自动驾驶：LQR、ILQR和DDP原理、公式推导以及代码演示（五迭代条件判断）

机械心

已于 2024-09-11 23:58:32 修改

阅读量619

点赞数 20

分类专栏：最优化理论文章标签：自动驾驶人工智能机器学习

于 2024-09-06 11:33:32 首次发布

本文链接：https://blog.csdn.net/a8598671/article/details/141951119

版权

最优化理论专栏收录该内容

9 篇文章 1 订阅

订阅专栏

（五）iLQR迭代终止判断条件

iLQR 的终止条件可以根据实际需求设置，最常见的是控制输入变化量 $\delta u$ 或成本函数的变化量J来判断是否收敛。合理选择阈值 $\epsilon$ 和最大迭代次数可以在保证收敛的同时避免过度计算。

1. 控制输入的变化量 $\delta u$ 很小

一种常见的收敛条件是，控制输入的更新幅度变得很小，也就是 $\delta u$ 在每次迭代中的变化小于某个设定的阈值。通常定义一个小的阈值 $\epsilon_u$ ，如果在每次迭代中控制输入的变化 $\|\delta u_k\|$ 都小于这个阈值，则认为算法已经收敛：

$\|\delta u_k\| < \epsilon_u \quad \forall k$

这种方法能够确保控制策略的变化逐渐减小，从而表明已经接近最优解。

2. 成本函数 J的变化量很小

另一种方法是检测每次迭代中成本函数的变化。当成本函数 J在两次迭代中的差异小于某个阈值时，迭代停止：

$|J_{\text{new}} - J_{\text{old}}| < \epsilon_J$

这种方式可以保证算法接近最优点，因为成本函数的变化趋J近于零表示已经很难继续优化。

3. 状态轨迹的变化量很小

状态轨迹的变化量也是一个判断收敛的条件。当新的状态轨迹和之前的状态轨迹之间的差异小于某个设定的阈值 $\epsilon_x$ ，可以认为系统已经收敛：

$\|x_k^{\text{new}} - x_k^{\text{old}}\| < \epsilon_x \quad \forall k$

这种条件适用于需要精确逼近状态目标的情况。

4. 固定迭代次数

有时出于计算时间的考虑，iLQR 也可能设置一个最大迭代次数 $N_{\text{max}}$ 。如果算法在达到最大迭代次数之前没有满足其他收敛条件，则强制停止迭代：

$\text{iteration count} > N_{\text{max}}$

5. 控制增量与状态增量同时收敛

一些实现中同时监测控制增量 $\delta u$ 和状态增量 $\delta x$ ，当二者同时满足某个收敛条件时停止迭代。

python代码示例

我们依然用一个简单的非线性系统，其状态 $x_k$ 和控制输入 $u_k$ 满足以下非线性动力学方程：

$x_{k+1} = x_k + \sin(u_k)$

这里的非线性在于控制输入的影响是通过正弦函数进入系统的。我们希望通过控制输入 $u_k$ 使状态 $x_k$ 快速收敛到目标值 0，同时控制量尽可能小，因此二次成本函数：

$J = \sum_{k=0}^{N-1} \left( \frac{1}{2} x_k^2 + \frac{1}{2} u_k^2 \right)$

import numpy as np

# System dynamics (nonlinear)
def system_dynamics(x, u):
    return x + np.sin(u)

# Cost function for a single step
def cost_function(x, u):
    return 0.5 * (x**2 + u**2)

# Derivative of the cost function w.r.t. control input u (l_u)
def cost_u(u):
    return u

# Derivative of the cost function w.r.t. state x (l_x)
def cost_x(x):
    return x

# Second derivative of the cost function w.r.t. control input u (l_uu)
def cost_uu():
    return 1

# Second derivative of the cost function w.r.t. state x (l_xx)
def cost_xx():
    return 1


# Function to calculate the initial state trajectory based on control sequence
def compute_initial_trajectory(x0, u):
    x = np.zeros(N+1)
    x[0] = x0
    for k in range(N):
        x[k+1] = system_dynamics(x[k], u[k])
    return x

# iLQR algorithm with different stopping conditions
def ilqr_with_conditions(x, u, iterations, epsilon_u, epsilon_J, epsilon_x):
    prev_cost = np.inf
    for i in range(iterations):
        # Backward pass
        V_x = np.zeros(N+1)
        V_xx = np.zeros(N+1)
        V_x[-1] = x[-1]  # Terminal value for V_x
        V_xx[-1] = 1  # Terminal value for V_xx (quadratic cost on terminal state)

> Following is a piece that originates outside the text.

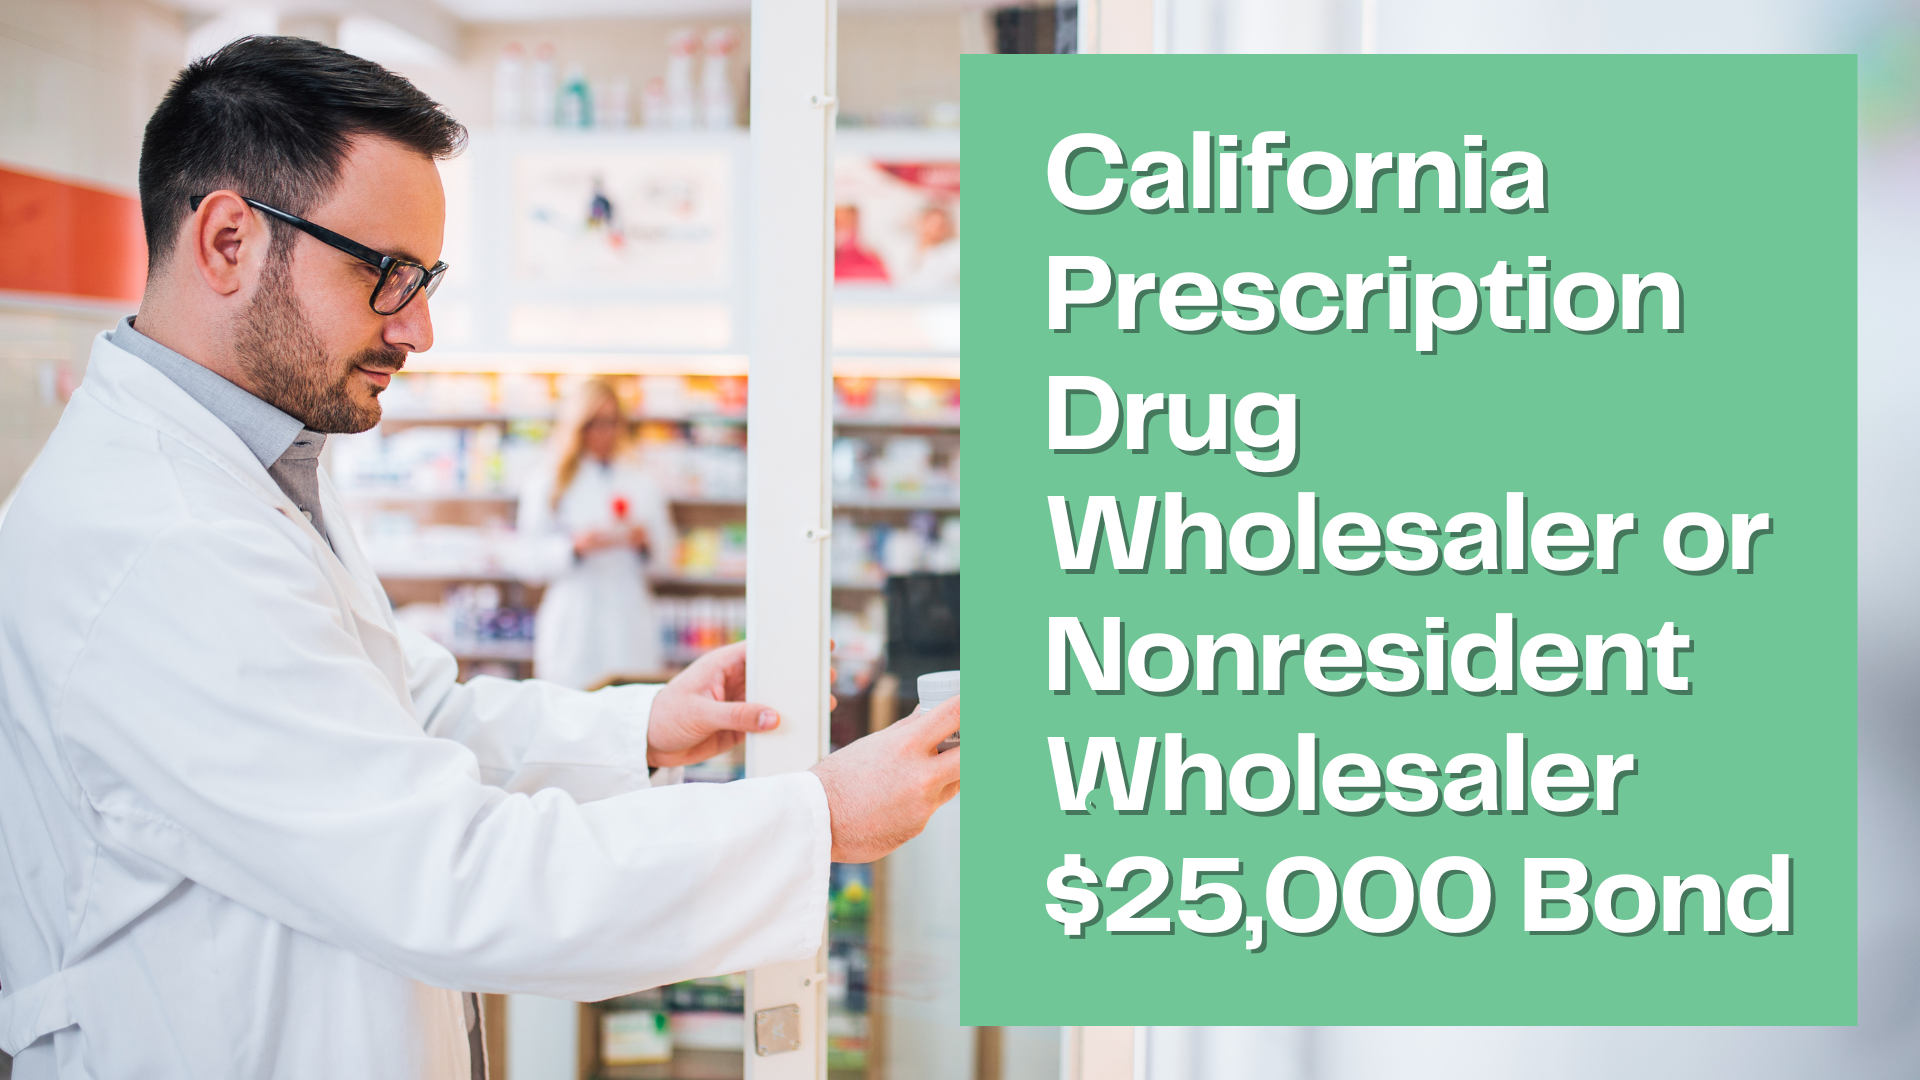 Surety Bond-California Prescription Drug Wholesaler or Nonresident Wholesaler $25,000 Bond

        du = np.zeros(N)  # Control updates

        # Backward pass: compute Q function and control update
        for k in range(N-1, -1, -1):
            # Compute Q-function terms
            f_u = np.cos(u[k])  # Derivative of system dynamics w.r.t. u
            Q_u = cost_u(u[k]) + f_u * V_x[k+1]  # Q_u = l_u + f_u^T * V_x(k+1)
            Q_uu = cost_uu() + f_u**2 * V_xx[k+1]  # Q_uu = l_uu + f_u^T * V_xx(k+1) * f_u
            Q_x = cost_x(x[k]) + V_x[k+1]  # Q_x = l_x + f_x^T * V_x(k+1)
            Q_xx = cost_xx() + V_xx[k+1]  # Q_xx = l_xx + f_x^T * V_xx(k+1) * f_x

            # Update control input
            du[k] = -Q_u / Q_uu  # Control update
            V_x[k] = Q_x + Q_uu * du[k]  # Update value function gradient
            V_xx[k] = Q_xx  # Update value function Hessian (V_xx)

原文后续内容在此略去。